Take the lines below beginning at the line that has "Boeing CFO comments" and stopping after the line that has "رئيس الحزب القومي", and print them exactly as they are, with no other lines.

[INFORMATION SHOWN — start]

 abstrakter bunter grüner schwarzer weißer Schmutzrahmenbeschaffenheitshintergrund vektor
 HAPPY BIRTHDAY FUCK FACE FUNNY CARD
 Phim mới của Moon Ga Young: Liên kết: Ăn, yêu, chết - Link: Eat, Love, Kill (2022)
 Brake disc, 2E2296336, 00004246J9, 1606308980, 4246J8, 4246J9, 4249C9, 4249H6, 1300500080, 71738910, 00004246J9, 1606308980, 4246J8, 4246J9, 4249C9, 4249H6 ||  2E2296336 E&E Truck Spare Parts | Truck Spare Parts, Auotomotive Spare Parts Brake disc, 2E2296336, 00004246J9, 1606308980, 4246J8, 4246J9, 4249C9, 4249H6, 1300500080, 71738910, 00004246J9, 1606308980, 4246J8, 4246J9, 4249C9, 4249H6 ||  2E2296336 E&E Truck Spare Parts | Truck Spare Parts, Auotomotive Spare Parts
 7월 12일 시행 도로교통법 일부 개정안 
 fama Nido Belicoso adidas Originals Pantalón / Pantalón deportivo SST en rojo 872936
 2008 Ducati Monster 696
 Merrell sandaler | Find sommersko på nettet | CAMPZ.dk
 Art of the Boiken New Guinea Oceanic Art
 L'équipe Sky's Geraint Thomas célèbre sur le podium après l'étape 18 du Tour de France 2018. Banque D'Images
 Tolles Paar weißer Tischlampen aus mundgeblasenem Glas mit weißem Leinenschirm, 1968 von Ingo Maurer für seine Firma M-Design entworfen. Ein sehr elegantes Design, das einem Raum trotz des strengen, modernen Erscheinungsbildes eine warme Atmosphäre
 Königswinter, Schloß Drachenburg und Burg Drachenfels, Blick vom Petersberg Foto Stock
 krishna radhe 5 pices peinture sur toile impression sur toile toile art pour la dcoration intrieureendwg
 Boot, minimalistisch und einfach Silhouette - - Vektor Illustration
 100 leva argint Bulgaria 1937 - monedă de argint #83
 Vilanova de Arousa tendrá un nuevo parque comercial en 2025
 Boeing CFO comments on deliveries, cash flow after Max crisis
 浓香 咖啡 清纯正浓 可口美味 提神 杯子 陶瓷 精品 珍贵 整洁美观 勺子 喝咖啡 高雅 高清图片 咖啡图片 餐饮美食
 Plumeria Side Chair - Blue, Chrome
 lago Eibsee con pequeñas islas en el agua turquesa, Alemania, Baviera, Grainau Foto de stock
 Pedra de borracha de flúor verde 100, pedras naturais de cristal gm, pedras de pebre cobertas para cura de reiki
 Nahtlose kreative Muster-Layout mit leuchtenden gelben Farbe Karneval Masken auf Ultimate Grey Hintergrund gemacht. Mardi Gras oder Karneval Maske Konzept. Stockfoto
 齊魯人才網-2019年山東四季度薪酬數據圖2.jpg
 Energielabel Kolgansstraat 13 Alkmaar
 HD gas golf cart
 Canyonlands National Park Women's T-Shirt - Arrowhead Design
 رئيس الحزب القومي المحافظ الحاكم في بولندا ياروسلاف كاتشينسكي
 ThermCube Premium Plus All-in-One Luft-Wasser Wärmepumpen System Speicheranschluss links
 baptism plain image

[INFORMATION SHOWN — finish]

### EXPECTED ANSWER
 Boeing CFO comments on deliveries, cash flow after Max crisis
 浓香 咖啡 清纯正浓 可口美味 提神 杯子 陶瓷 精品 珍贵 整洁美观 勺子 喝咖啡 高雅 高清图片 咖啡图片 餐饮美食
 Plumeria Side Chair - Blue, Chrome
 lago Eibsee con pequeñas islas en el agua turquesa, Alemania, Baviera, Grainau Foto de stock
 Pedra de borracha de flúor verde 100, pedras naturais de cristal gm, pedras de pebre cobertas para cura de reiki
 Nahtlose kreative Muster-Layout mit leuchtenden gelben Farbe Karneval Masken auf Ultimate Grey Hintergrund gemacht. Mardi Gras oder Karneval Maske Konzept. Stockfoto
 齊魯人才網-2019年山東四季度薪酬數據圖2.jpg
 Energielabel Kolgansstraat 13 Alkmaar
 HD gas golf cart
 Canyonlands National Park Women's T-Shirt - Arrowhead Design
 رئيس الحزب القومي المحافظ الحاكم في بولندا ياروسلاف كاتشينسكي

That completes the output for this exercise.